## Exercise material
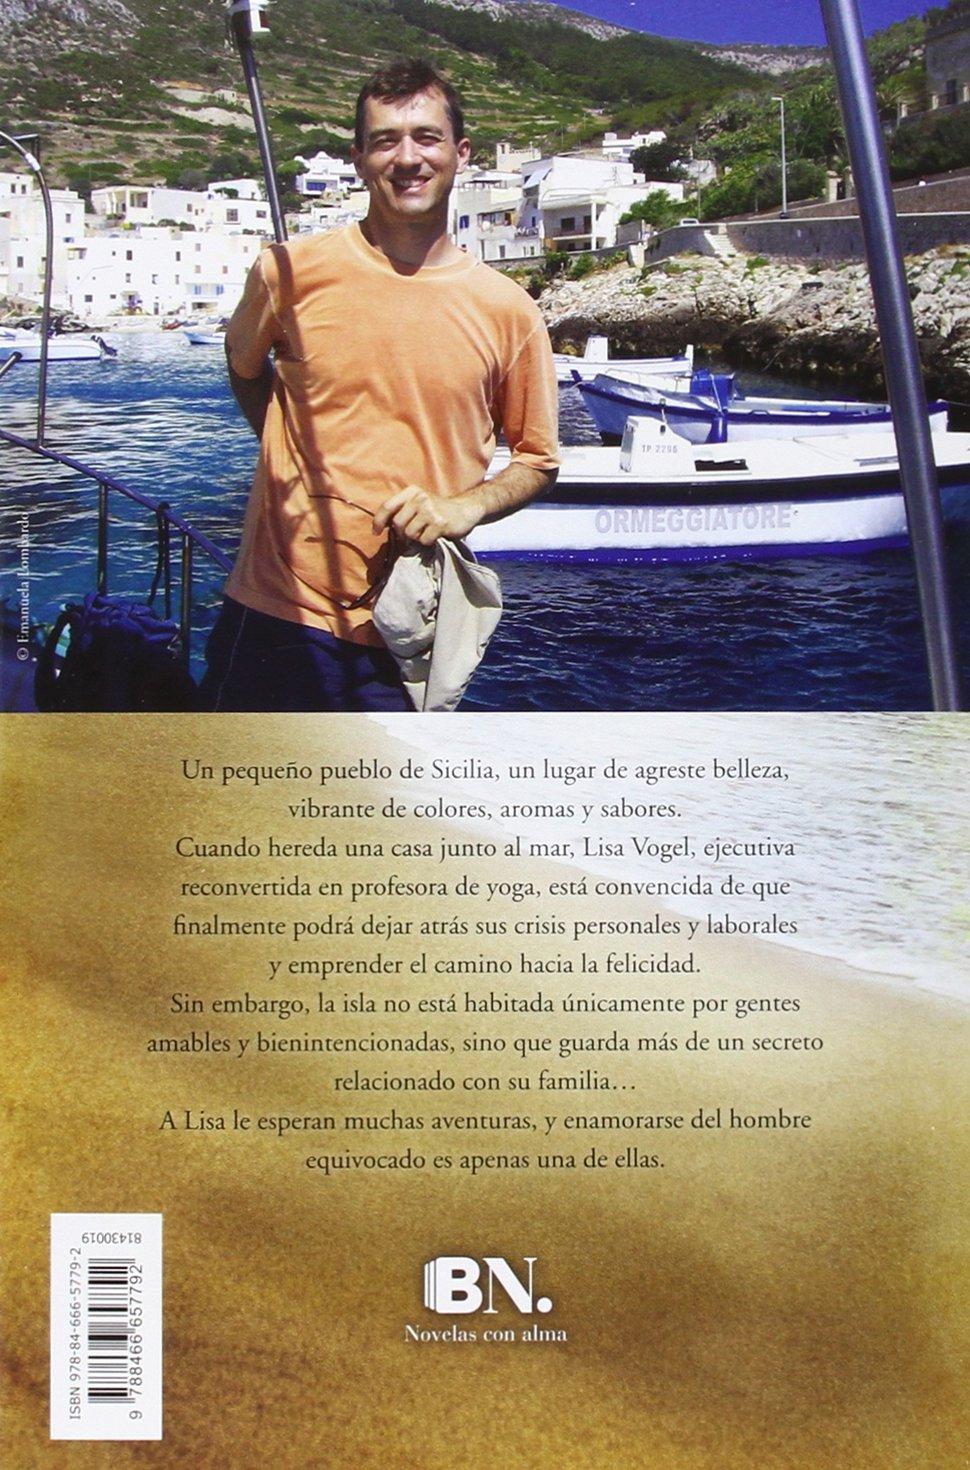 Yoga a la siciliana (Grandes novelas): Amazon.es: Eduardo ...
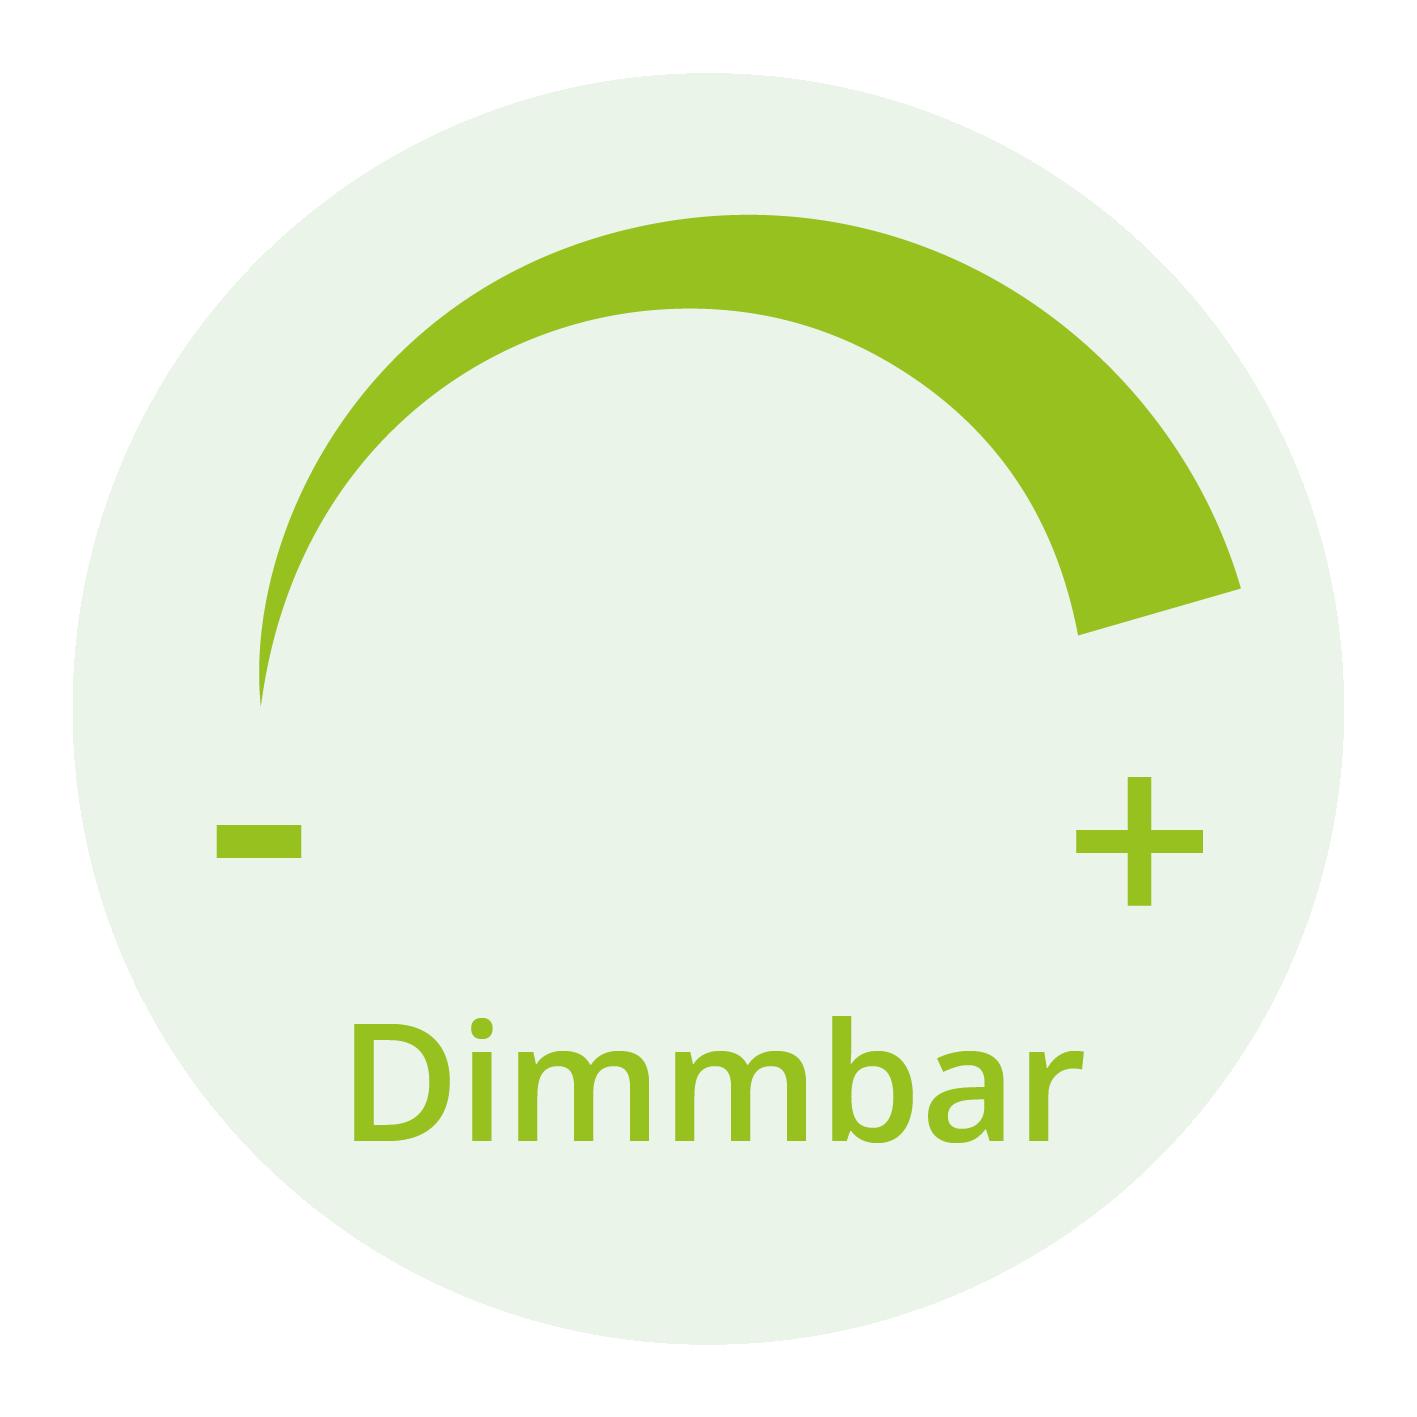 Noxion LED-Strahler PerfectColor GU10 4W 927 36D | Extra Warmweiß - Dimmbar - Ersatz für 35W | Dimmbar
---
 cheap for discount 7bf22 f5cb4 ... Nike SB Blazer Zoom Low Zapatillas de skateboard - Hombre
---
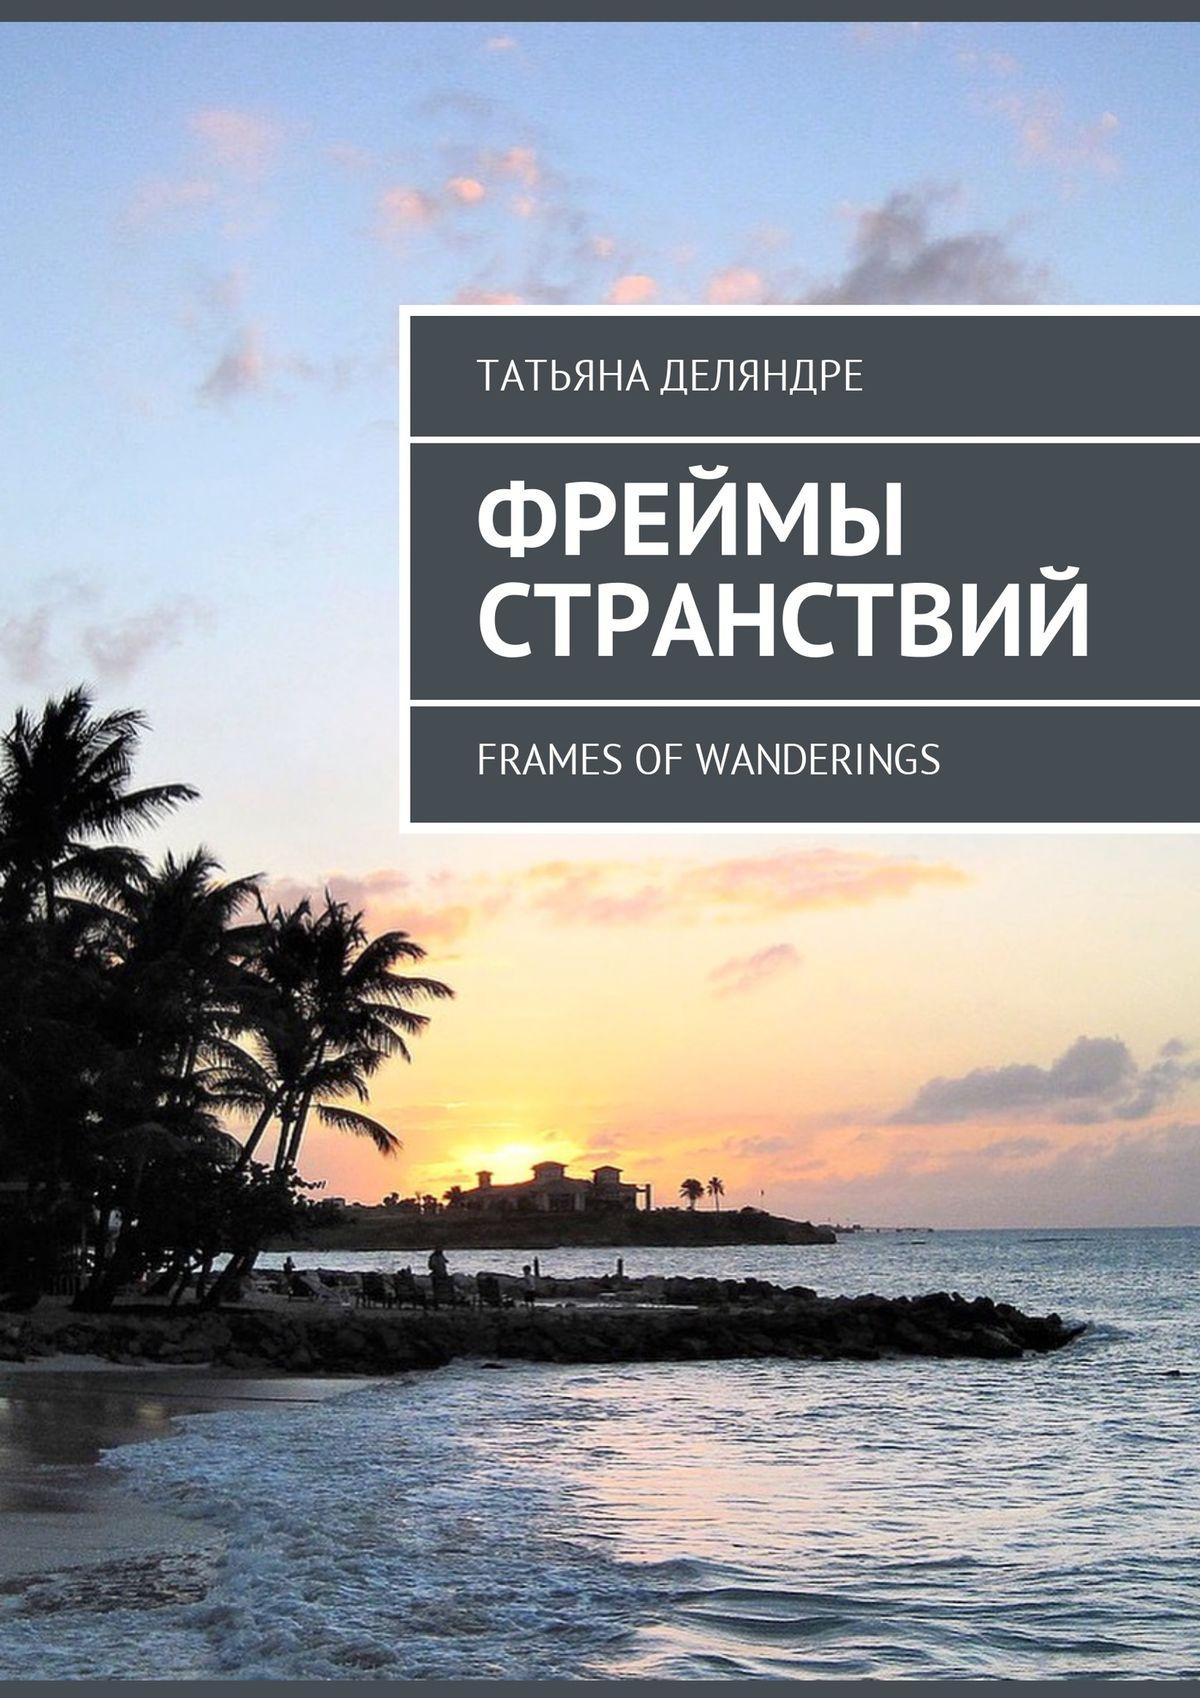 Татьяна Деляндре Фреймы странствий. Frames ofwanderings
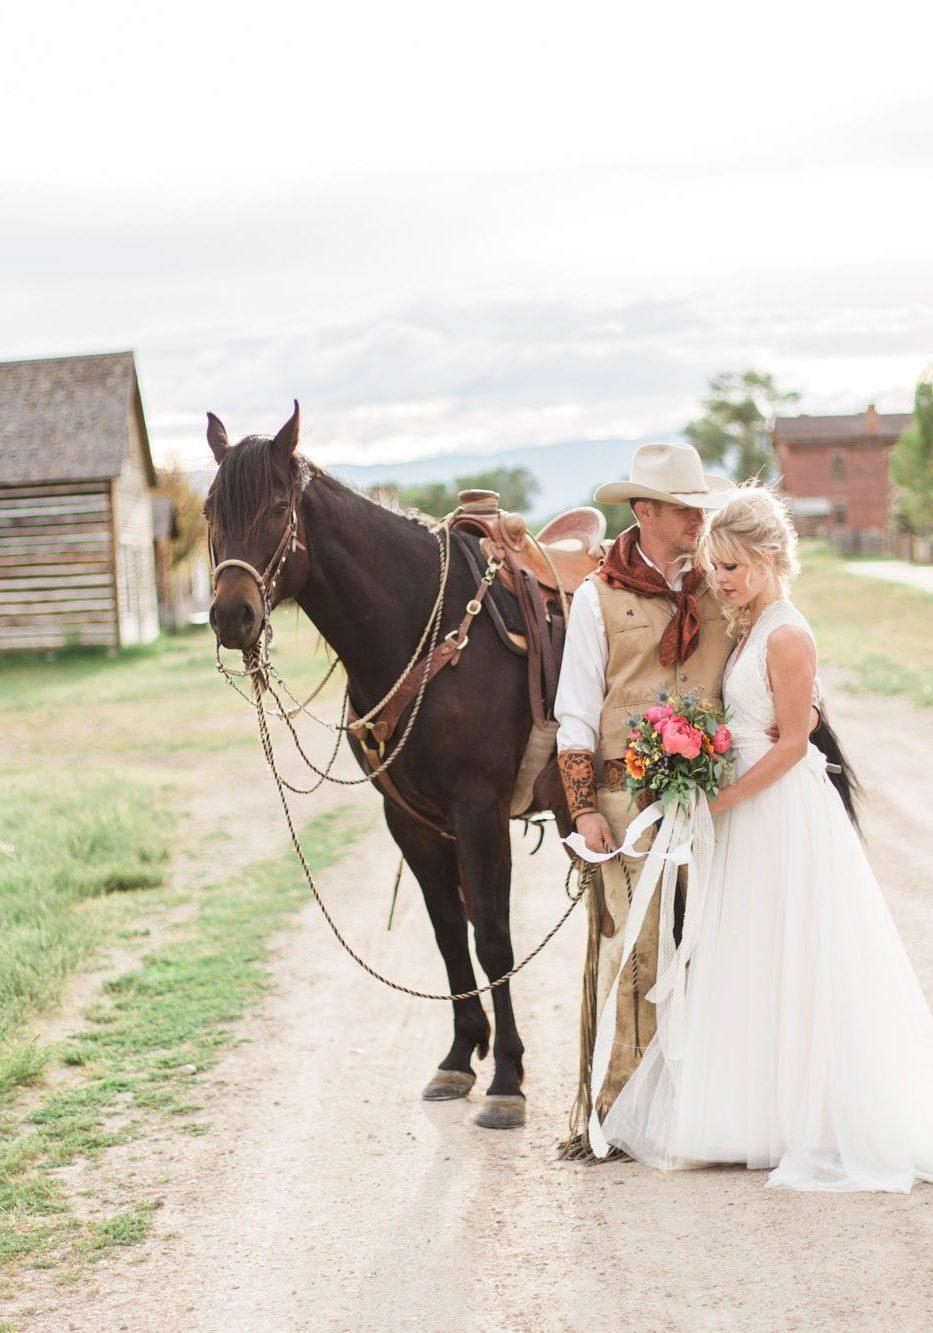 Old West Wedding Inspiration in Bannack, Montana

## What needs to be done
Transcribe the listing above exactly, but only from the line with "Yoga a la siciliana" through the line with "Noxion LED-Strahler PerfectColor". Include both of those lines and omit the pictures.

## Problem solution
 Yoga a la siciliana (Grandes novelas): Amazon.es: Eduardo ...
 Noxion LED-Strahler PerfectColor GU10 4W 927 36D | Extra Warmweiß - Dimmbar - Ersatz für 35W | Dimmbar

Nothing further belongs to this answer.